“I’m doing it because I want to, not because you told me to,” said in a mocking na-na-na-na-na sort of way, was a line heard often between my siblings when I was a kid. Nobody wanted to be bossed around by a sibling. So if you happened to want to do something a sibling had told you to do, you made it clear that it was your own choice. This phenomenon, of people wanting to make their own choices, seems to run pretty deep.
Sometimes called “freedom” or “liberty”, autonomy is a big deal to people. In mediation, we use the term “self-determination”. Sometimes, mediators talk about self-determination only to distinguish mediation from arbitration or adjudication. In mediation, no one has the official authority to order you to do something. But self-determination in mediation needs to mean more than that.
One of the reasons conflict is so unpleasant is the parties’ felt loss of autonomy. Even before judges or lawyers get involved, when we’re in conflict we feel that the other party is trying to do something to us against our will. Maybe they’re telling us to pay them money; maybe they’re telling us when we can see our kids, maybe they’re refusing to give us money we believe they owe us. Somehow, they’re doing something we don’t like to us against our will. We hate that.

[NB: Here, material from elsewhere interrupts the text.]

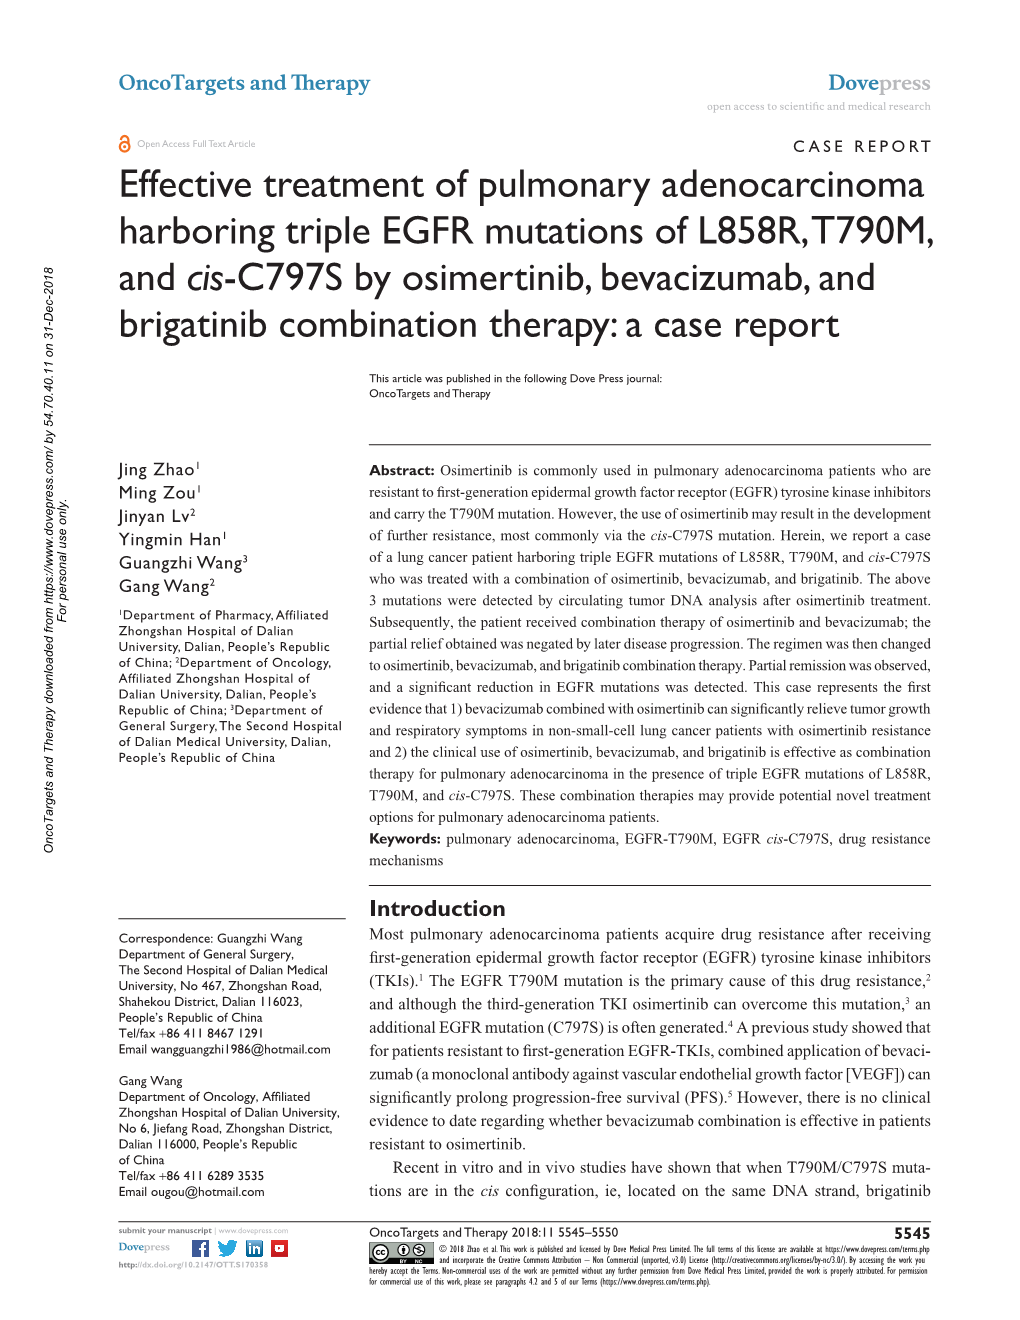 Effective Treatment of Pulmonary Adenocarcinoma Harboring Triple

One reaction, when we feel our autonomy being violated is to try to find someone more powerful to help. That’s what judges provide. They have the power to issue an order that, if necessary, will cause an armed law enforcement officer to retrieve the property, the kids, or the money. And there’s a place for that approach. But that approach does not tend to lead to a greater sense of autonomy for either side.
The most profound affect that mediation can have, when conducted with the intention to do so, is to give parties the real experience of having autonomy. Mediation can be an experience of consistently receiving support for making one’s own choices and taking whatever actions one chooses. Parties can experience having real choice when the mediator genuinely let’s go of any preference for the parties to make any certain decisions. When following the transformative model, mediators can let go of any preference around:
whether the parties choose to participate in mediation
whether they choose to talk directly to each other or through their representative
what they talk about
what they say
how they say it
when they suspend mediation
when they restart mediation
when they end mediation
This sense of autonomy opens up the possibility of parties choosing to treat each other with greater respect, kindness, or at least understanding.

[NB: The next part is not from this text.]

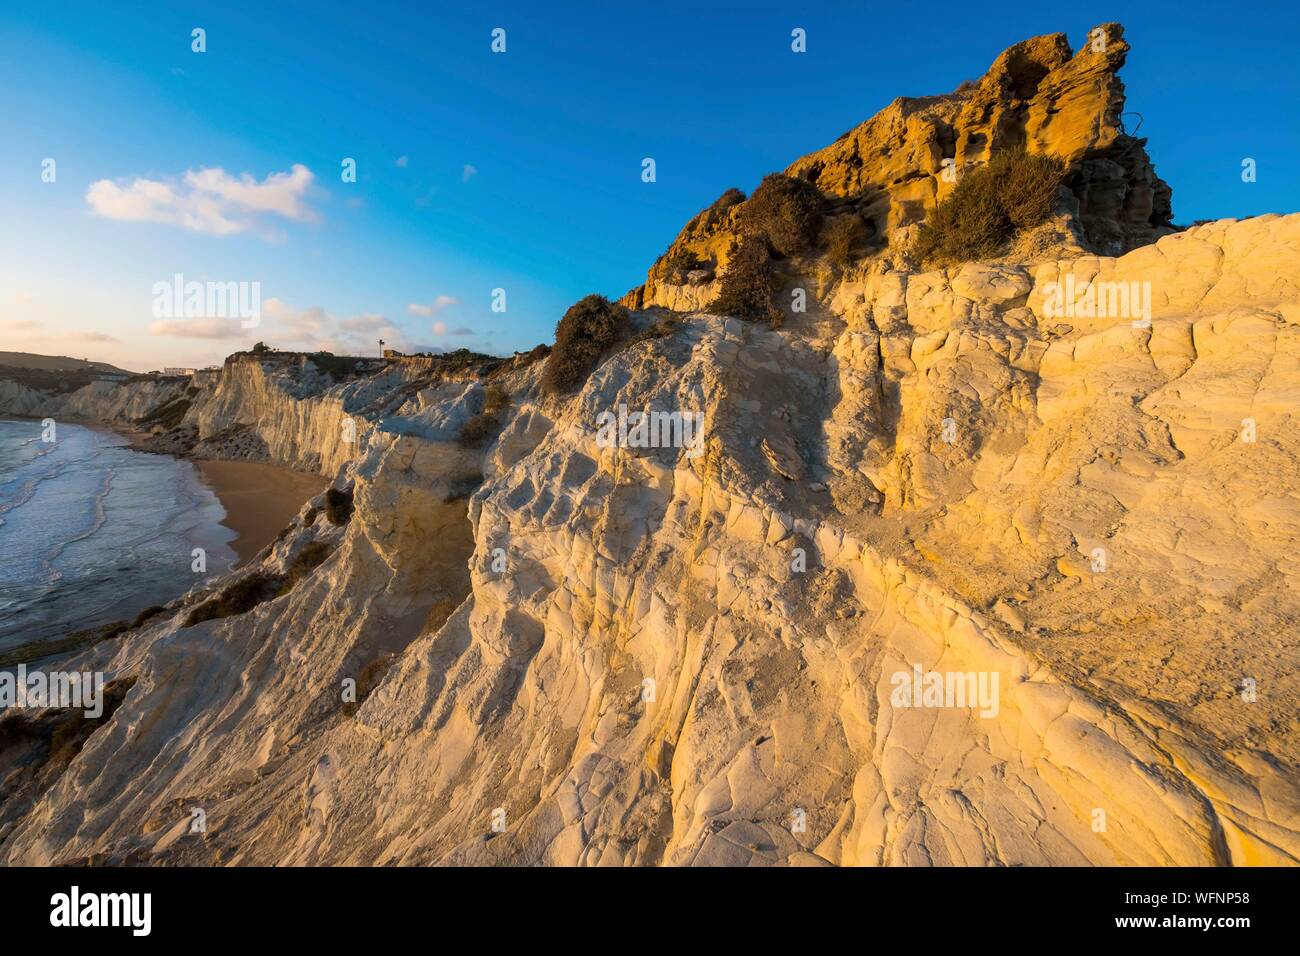 Italy, Sicily, Realmonte, Scala dei Turchi, or Turks stairway, cliff of white limestone overlooking the sea Stock Photo

But if the parties get to decide all of these things about the process, what does the MEDIATOR get to do? The short answer is “plenty”. The slightly longer answer is that the transformative model offers a lot of guidance for how a mediator can support and enhance the conversation, while leaving all the decisions to the parties.
A divorce lawyer once told me that she had a client who didn’t want to take the $10,000 that was the client’s fair share of her soon-to-be ex-husband’s IRA account. The client felt that the rest of their divorce agreement was satisfactory, and she knew that her husband felt very strongly attached to the entire IRA account. The lawyer explained that she told her client “if you want to give him a $10,000 gift next Christmas, that’s up to you, but I can’t allow you to give up marital property that you’re legally entitled to.”
I don’t know where the client’s choices were coming from. Maybe the lawyer’s advice was helpful to her. But I suspect that the client did not feel particularly autonomous around this decision. Mediation, if done in a way that respects autonomy, can support a client such as this one as she explores any mixed feelings she has around this issue. And the power of mediation lies in its ability to help clients do things because they want to, not because anyone told them to. Transformative mediation places autonomy at the heart of the process, where it belongs.